Fucking stink bugs, the smell they produce is so annoying. I always smell them before I see them, or they like kamikaze down into my head.
Finally got a response from curse about my forum account. Went to login to zendesk using twitter. Clicking authorize app flashes a message for a billionth of a second and does absolutely nothing. Tried logging in using email address. Forgot password. Went to reset password- "You cannot reset your password" WELL FUCKING JOY ISN'T THIS SOME KIND OF BULLSHIT??
The teacher who failed me at Thermodynamics also gives the re-course class. I'm basically fucked
[img]http://i.imgur.com/s4rAb7v.jpg[/img] When you pull over, but they're not after you.
Well, isn't that jolly fun. Turns out that my new english teacher gave us a faulty email or something so no-one from us was able to deliver in our film report. Now I really hope he isn't gonna make it into a complaint shitstorm because of it. (And what is the deal with teachers who feel the need to [I]rant[/I] over a single issue in the span of a hour or more.)
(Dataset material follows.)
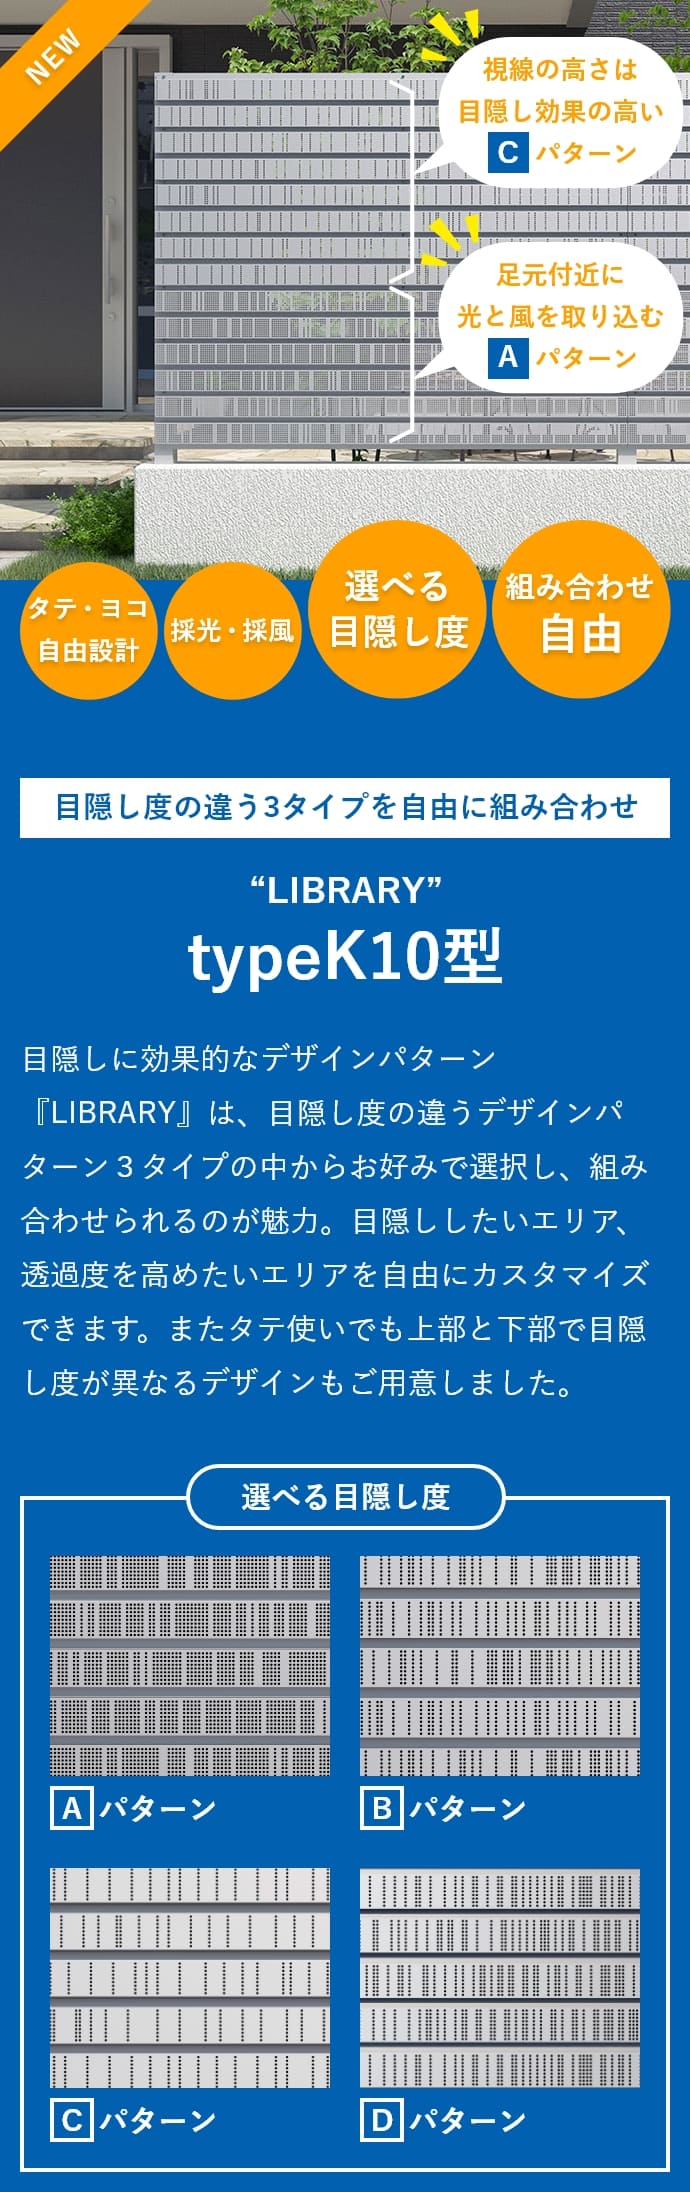 typeK10型

I keep fucking everything up and getting everyone mad at me, and I keep trying to do nice things they either don't work or they're not as simple as I expected or people don't like them, and I really just feel like a general inconvenience for everyone.
Been feeling pretty hopeless lately. I feel like there's several things fundamentally wrong with my brain that are preventing me from ever finding anything even close to resembling happiness, beyond brief glimmers, ever again. I don't even have any idea how to even begin to describe the issue, but it's not depression. I think. I'm sure there are plenty of people that have it worse than me in the world but I also kinda wish I would just get struck by a meteor or something. I would never kill myself but I don't know if I'd really protest just mysteriously and suddenly dying at this point.